*** DATASET EXTRACT Section Begins ***
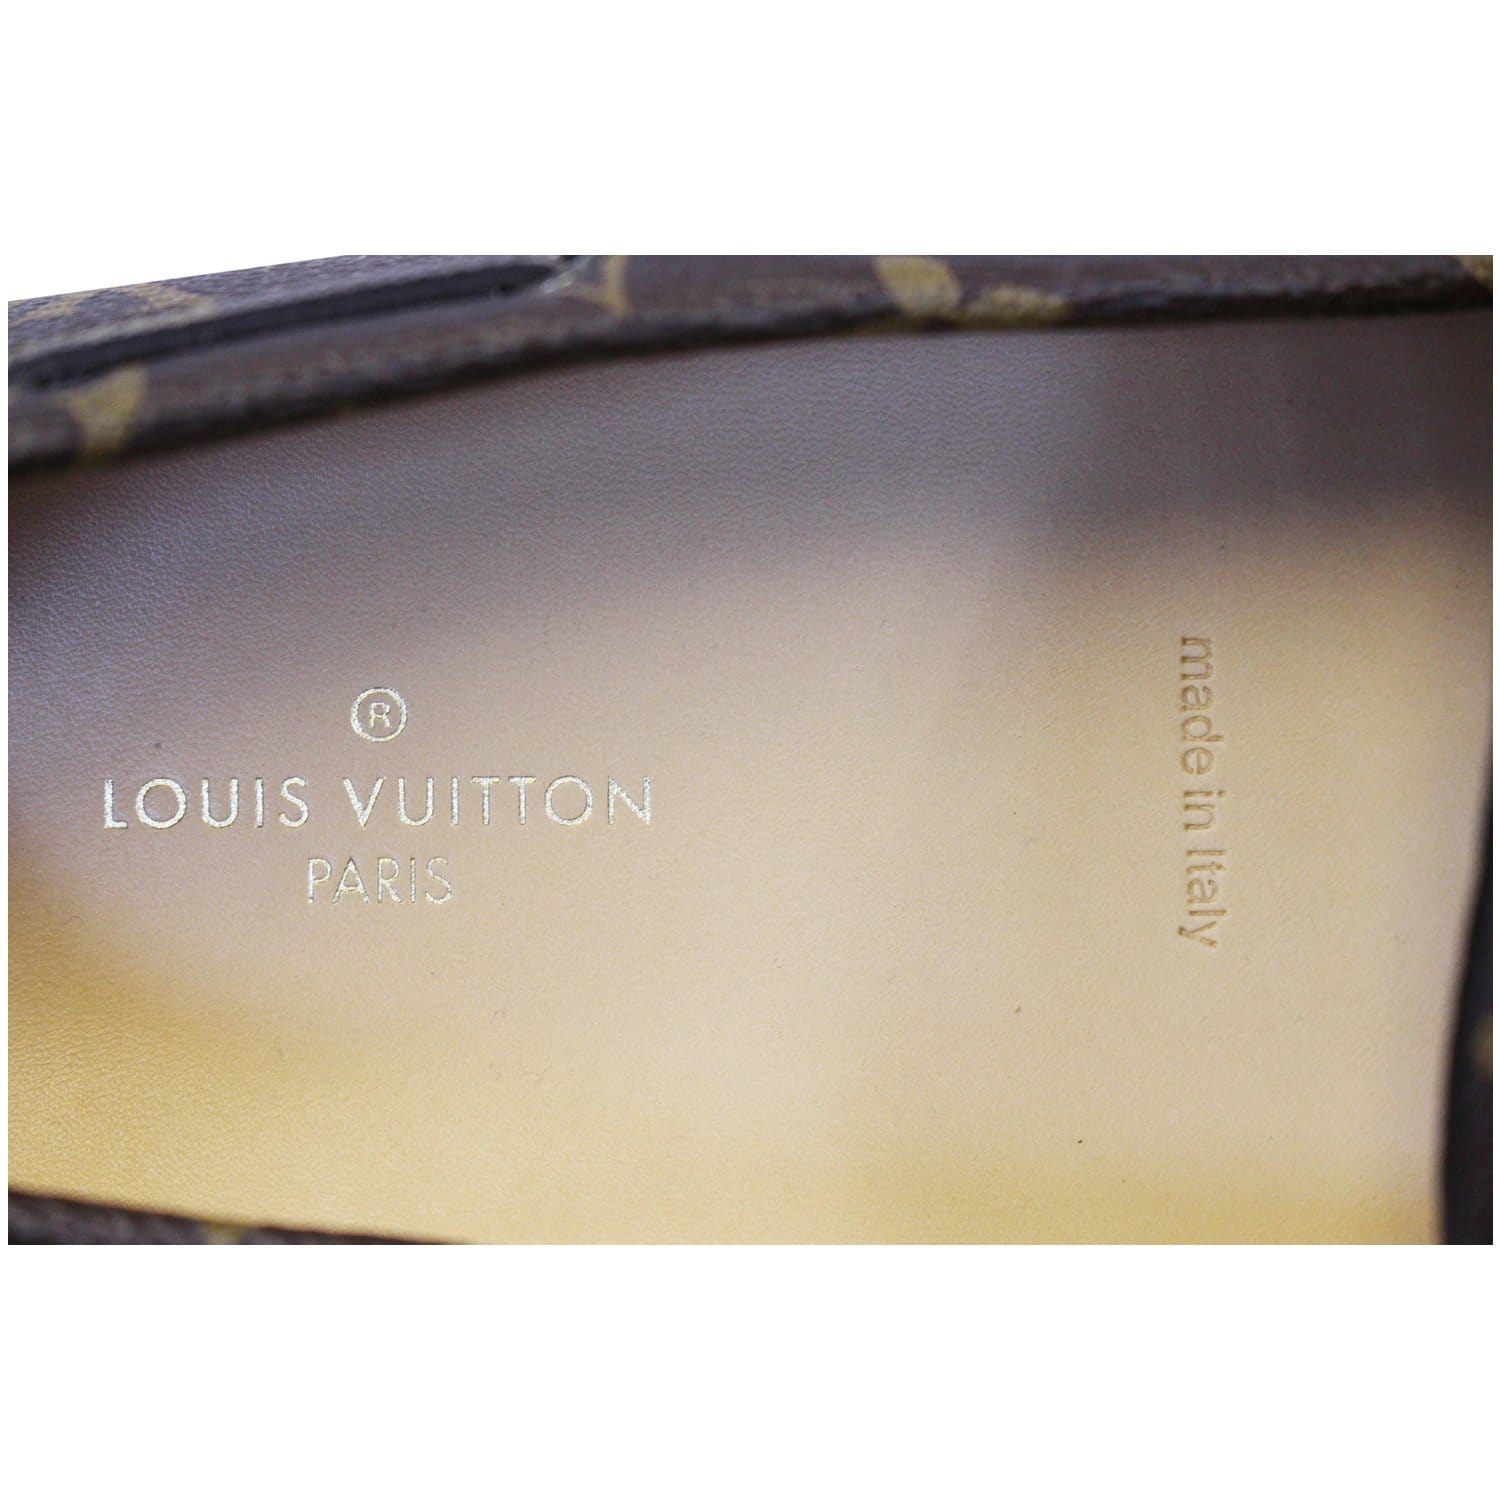 Replica Louis Vuitton Arizona Moccasin In Monogram Canvas for Sale
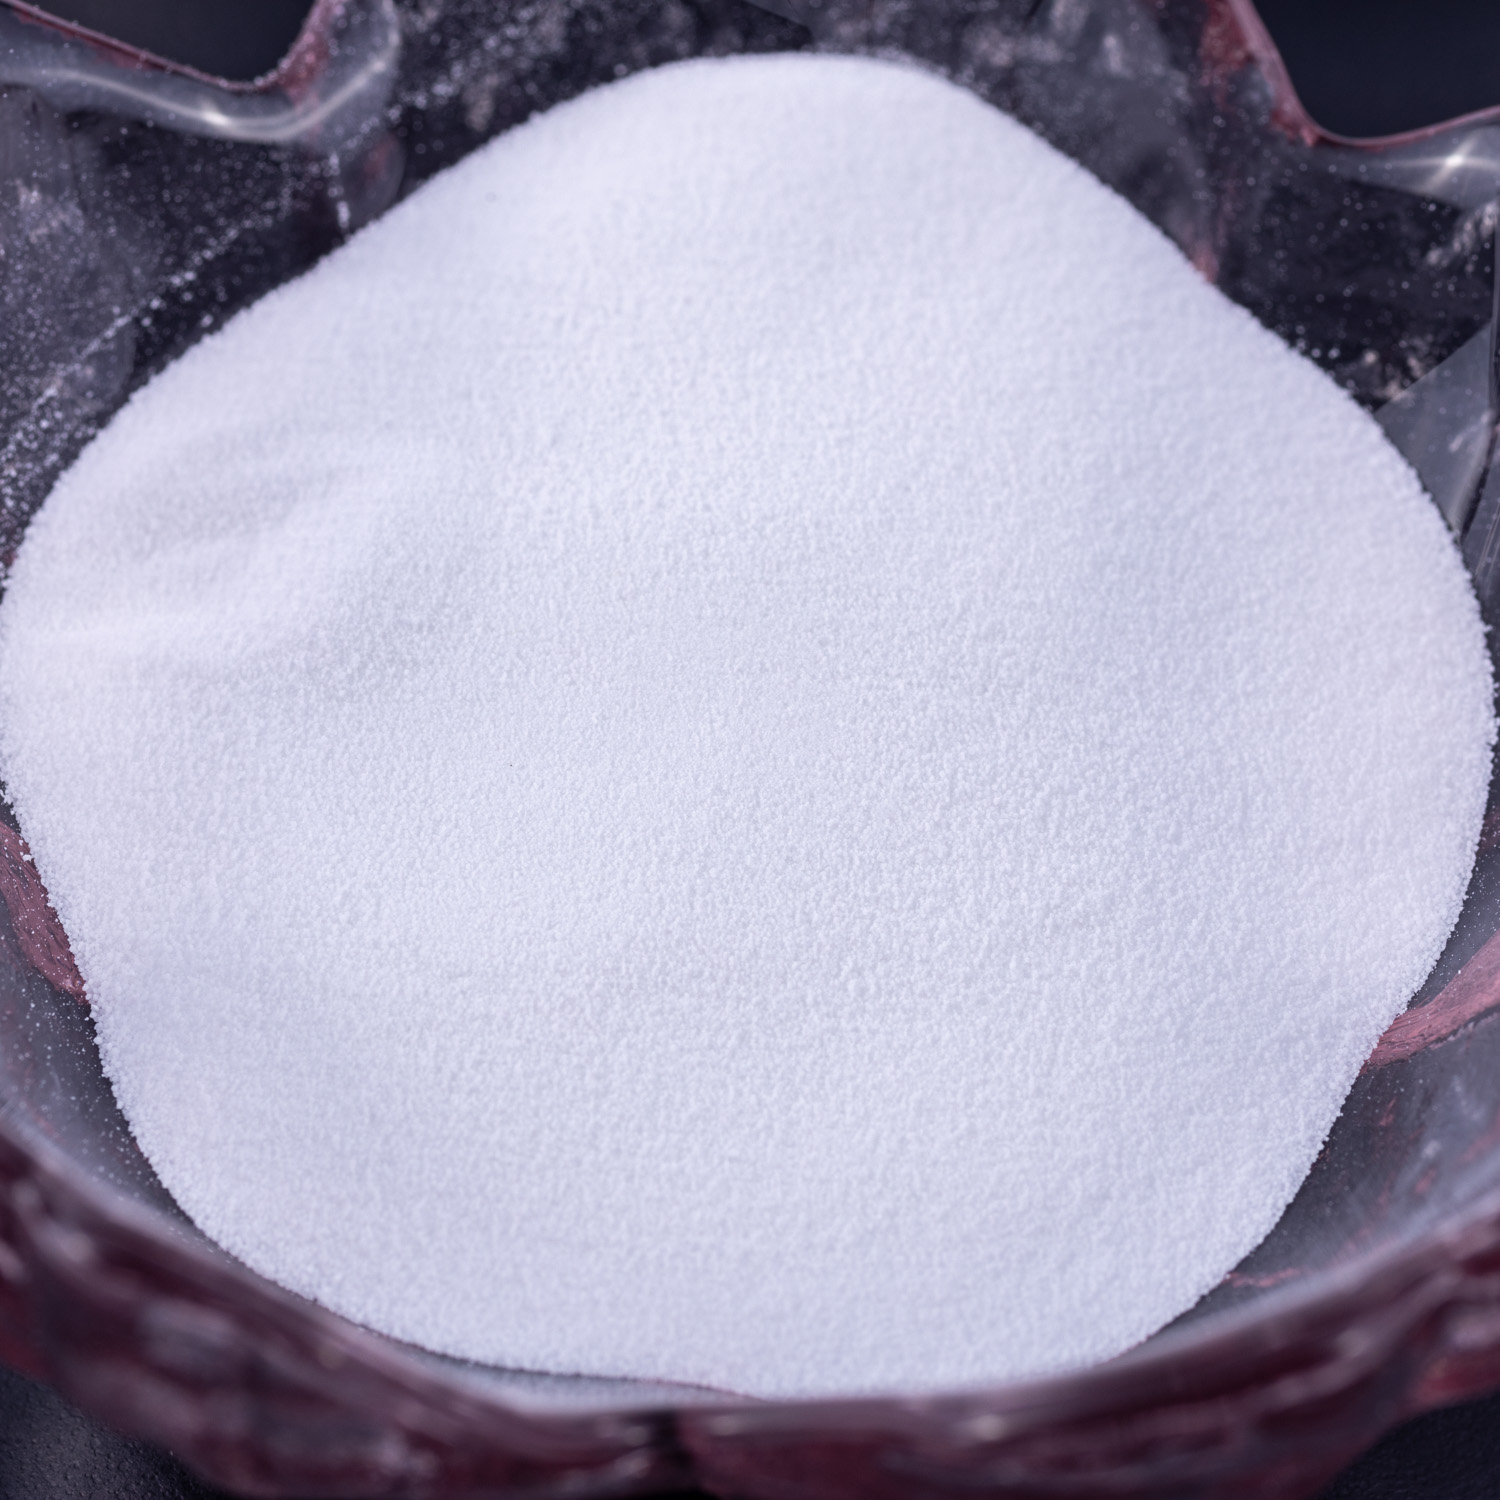 Bicarbonato de sodio de grado alimenticio de suministro de fábrica de la mejor calidad o bicarbonato de sodio
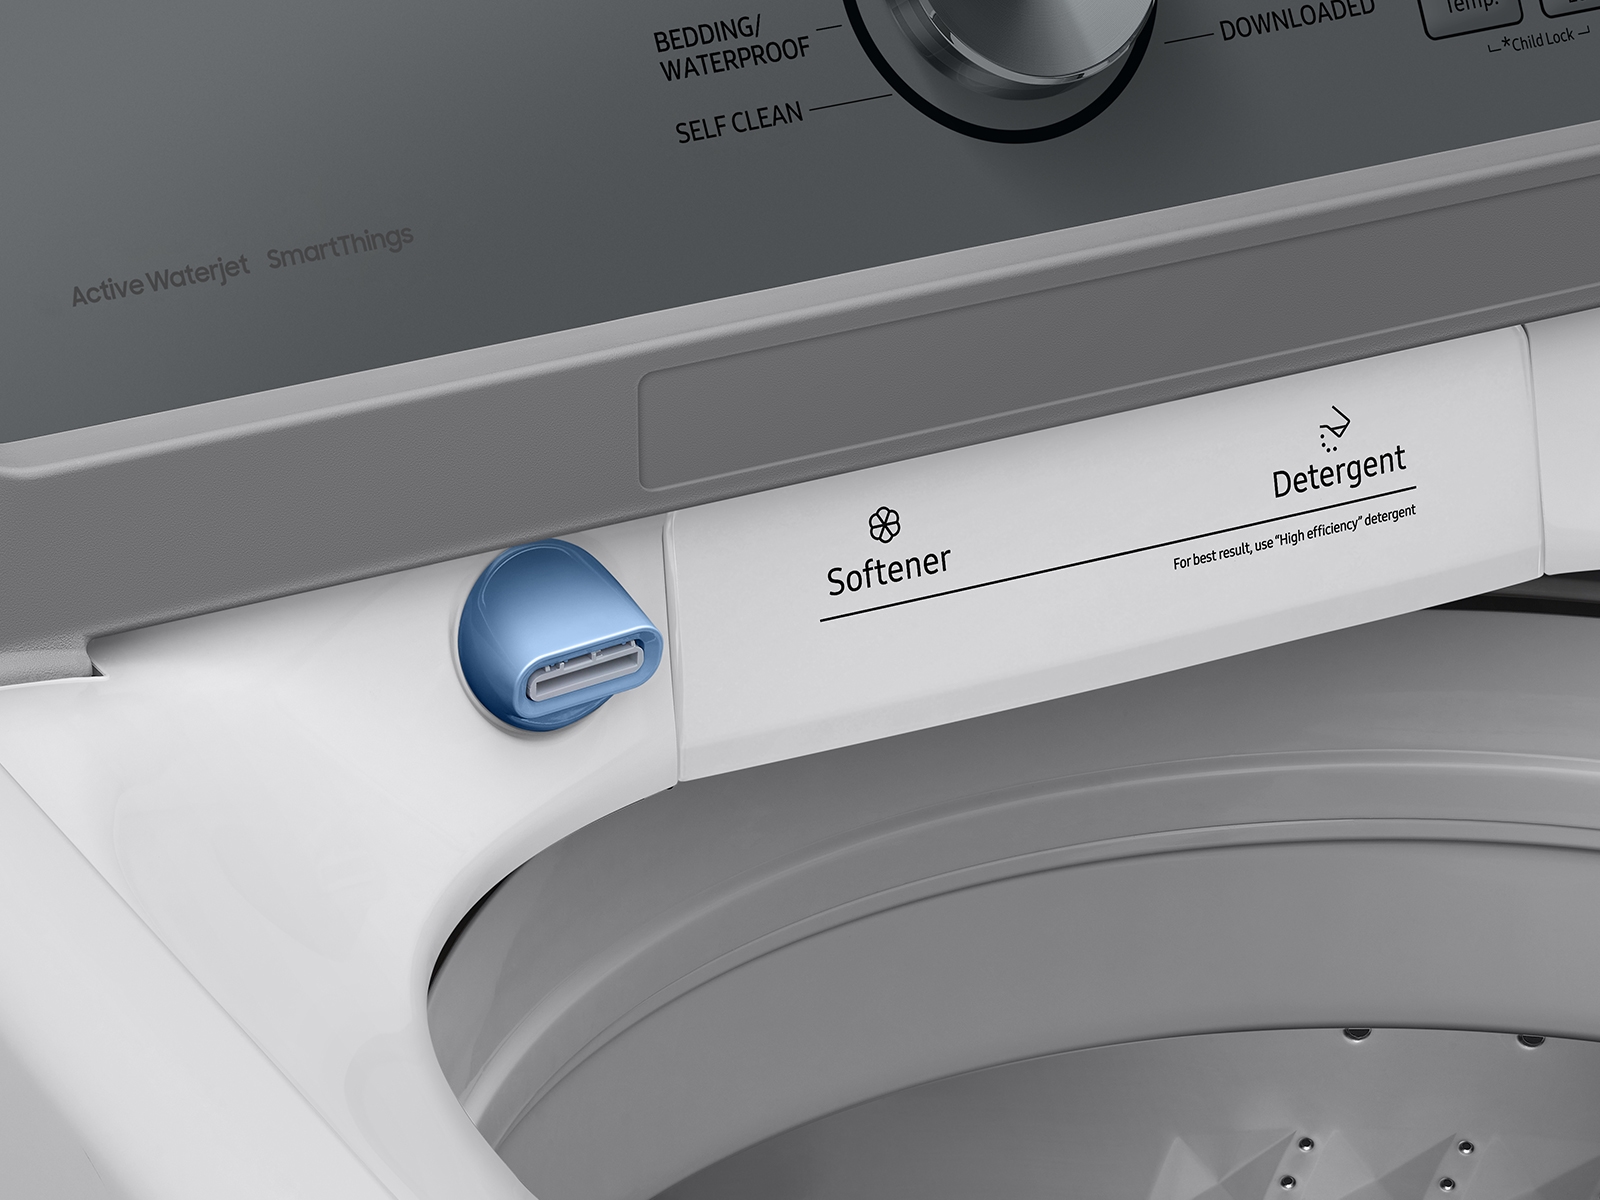 Samsung 4.7-cu ft High Efficiency Impeller Smart Top-Load Washer
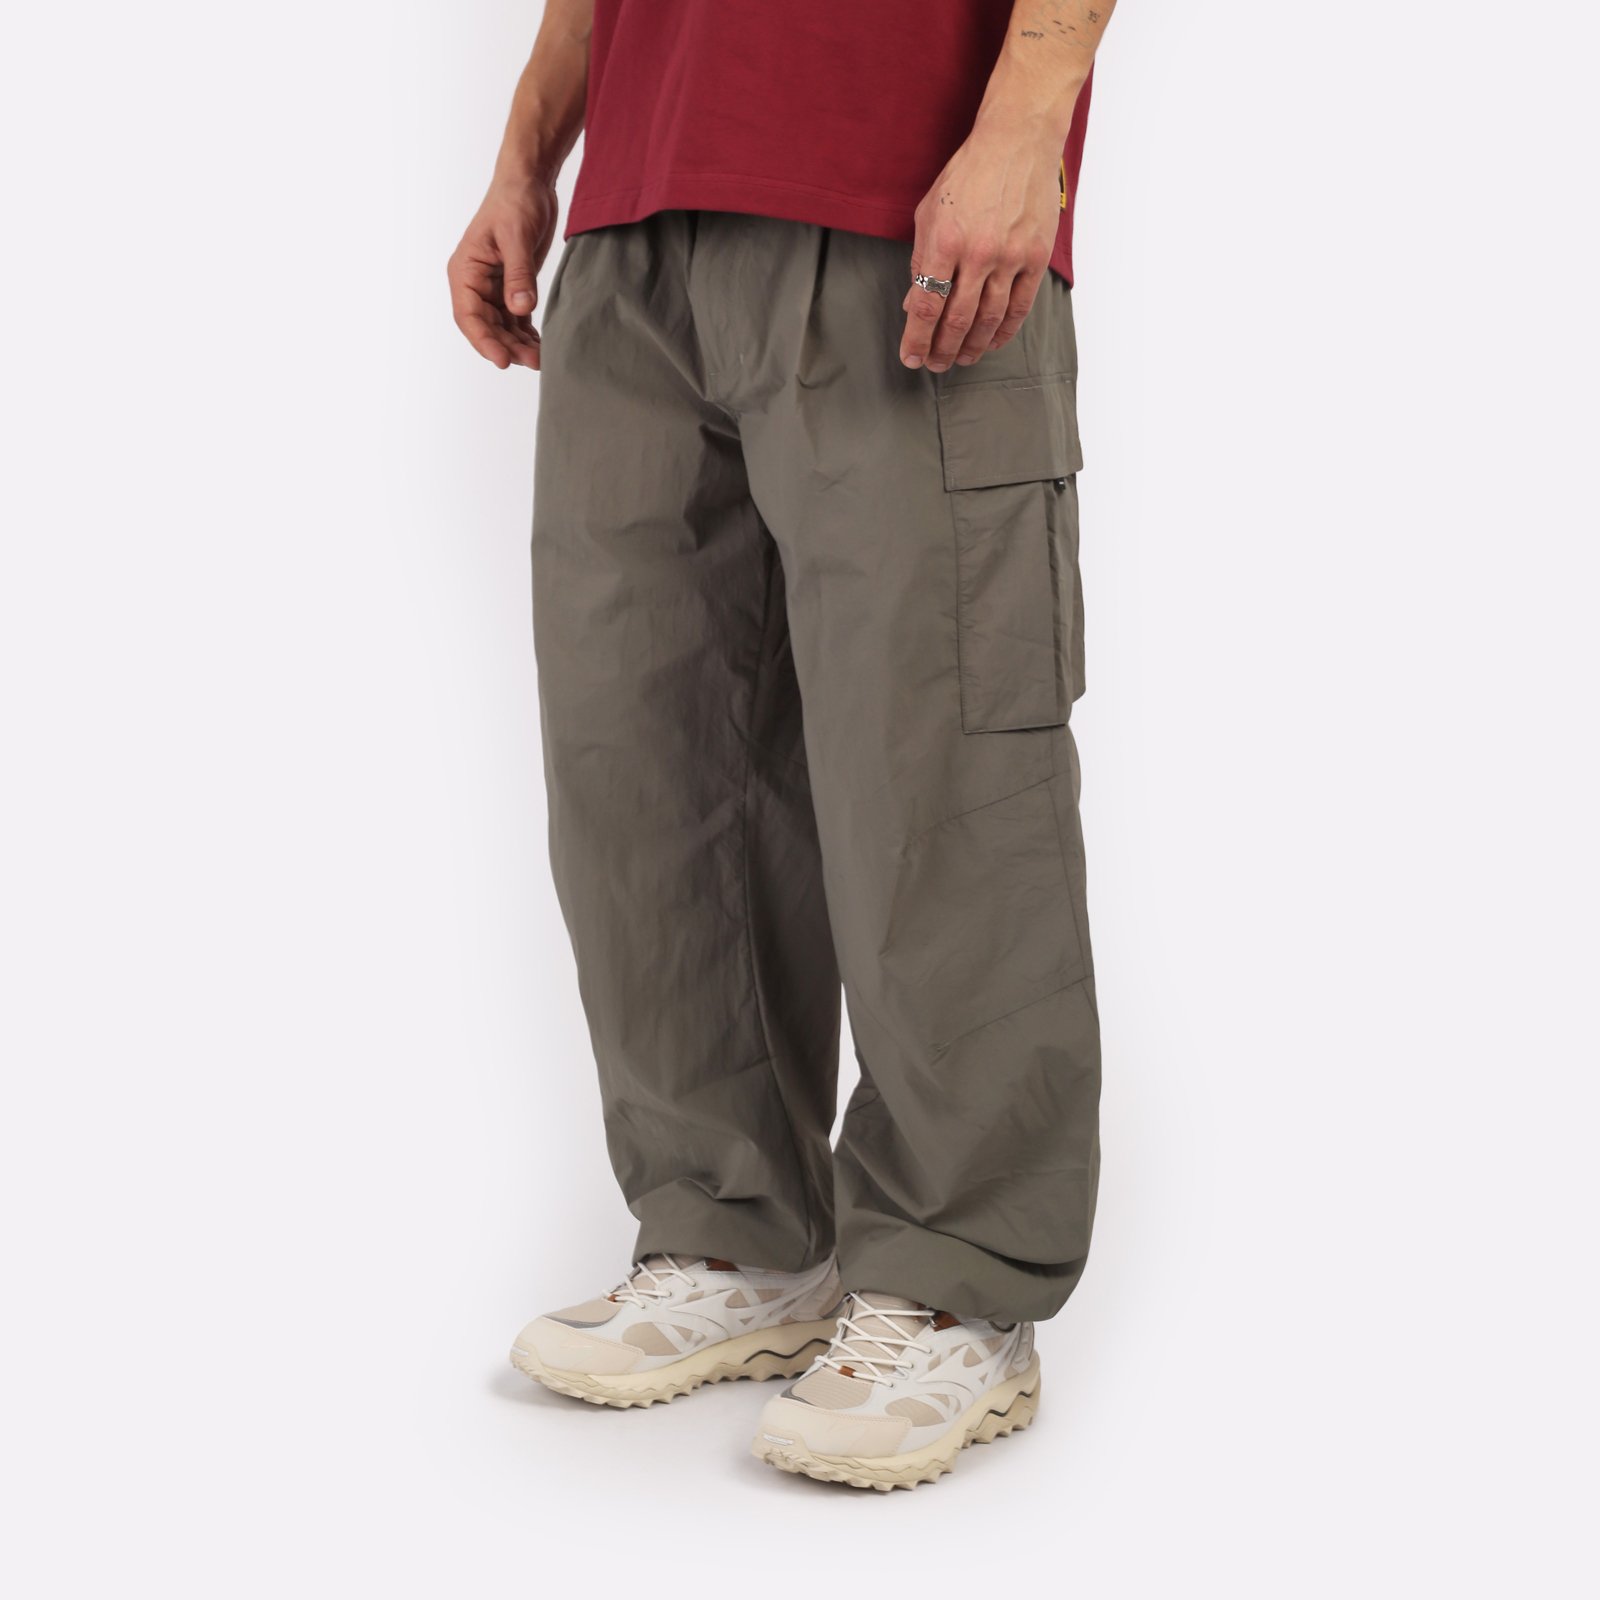 мужские брюки KRAKATAU Rm176-52  (Rm176-52-елово-сер)  - цена, описание, фото 3
*** DATASET EXTRACT Section Ends ***
YOUR OBJECTIVE =
Find the line with "Samsung 4.7-cu ft". Return it and each line after it through the end of the data, exactly, without pictures.

TASK SOLUTION =
 Samsung 4.7-cu ft High Efficiency Impeller Smart Top-Load Washer
 мужские брюки KRAKATAU Rm176-52  (Rm176-52-елово-сер)  - цена, описание, фото 3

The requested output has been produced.